In this project you will consider two cases separately, but they are related:
Estimating prediction errors for very high-quality data. This is the case we saw for RBFs where we believe that the data is very accurate so we want to do “exact interpolation”.
Estimating prediction errors when the training data itself contains errors.
The ML approach you will use here is called Gaussian Process Regression (GPR). As it turns out, the theory behind this is a bit complicated, so we are only going to use it as a black box to get useful results out of sklearn
. Later in the course we will work through a detailed derivation so that you know what is in the “black box” you are using today.
Part 1: Data With No Errors#
Let’s get started with the usual, which is to import the libraries we need. Note that we control the random number seed so that we can control the sequence as work through the notebook without new surprises every time we run it. If you want new results, change the seed.
import numpy as np
from matplotlib import pyplot as plt
from sklearn.gaussian_process import GaussianProcessRegressor
from sklearn.gaussian_process.kernels import RBF, RationalQuadratic, ConstantKernel as C
rng = np.random.default_rng(42)
✅ Question 1.1: Discuss the two sklearn
imports so that you get a sense for what things you can vary. Someday you might need these libraries in your project and/or research! For example, what is a “kernel”? How many kernels does sklearn
have built in?
✎ Put your answers here!
Our group discussed these libraries and they do:
ANSWER#
✅ Taks 1.2: Great! Next we are going to make some fake data. Feel free to invent your own functions here - you might have something in mind from your research, so invent a function that looks like your data. Have each person in your group think of a different function with a very different shape; this will help you see what works and what does not work as well.
def func_1(x):
"""The function to predict. This function is used to make
fake data so that we have control over the variations in the data."""

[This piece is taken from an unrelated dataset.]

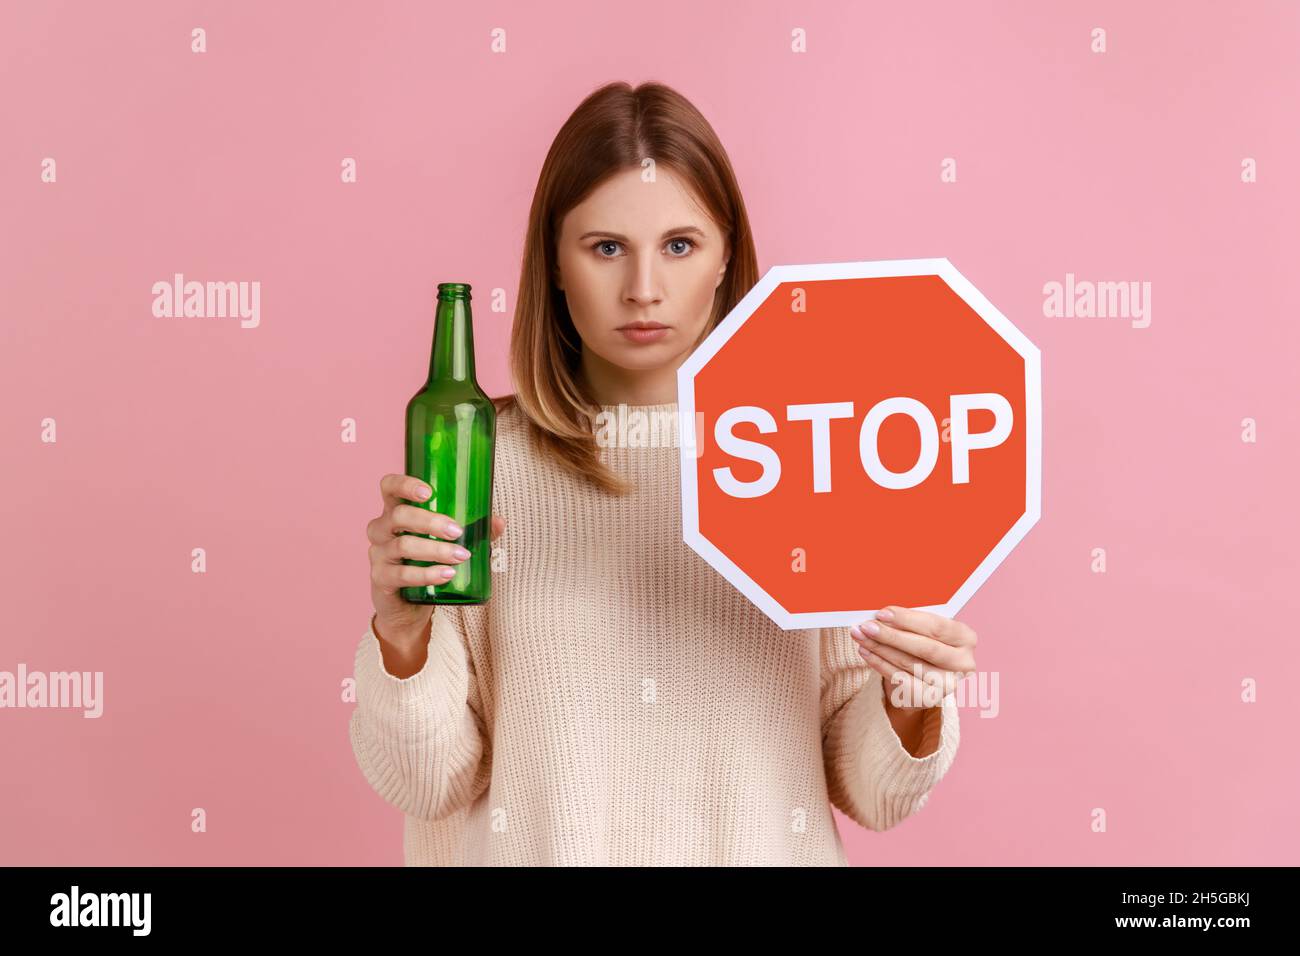 Porträt einer ernsthaften blonden Frau mit rotem Stoppschild und Flasche mit alkoholischem Getränk, Anrufe auf nicht Alkohol trinken, trägt weißen Pullover. Innenaufnahme des Studios isoliert auf rosa Hintergrund. Stockfoto

return x * np.sin(np.sqrt(x))
def func_2(x):
"""The function to predict. This function is used to make
fake data so that we have control over the variations in the data."""
return x * np.sin(x)
def func_3(x):
"""The function to predict. This function is used to make
fake data so that we have control over the variations in the data.
This is what was used for the lecture slidess."""
return np.sqrt(x) * np.sin(x)
Recall that sklearn
likes to have the data specific forms when you call it.
✅ Taks 1.3: Among your group members, discuss these functions:
np.atleast_2d
.ravel
.T
np.newaxis
In a markdown cell, give a summary of what each of these functions do and at least one other option you might have used if you did not know these libraries.
✎ Put your answers here!
✅ Taks 1.4: We will only use 1D data in this project to make it easier to visualize, but obviously the libraries are mostly used in higher dimensions. Examine, perhaps through print statements, what the shape of the data is so that you can see how the data needs to be prepared before heading into sklearn
. For example, are these “row” or “column” vectors? Are they dictionaries? Lists? Lists of lists? If we were doing a 2D problem, how would containers of these shapes handle that case?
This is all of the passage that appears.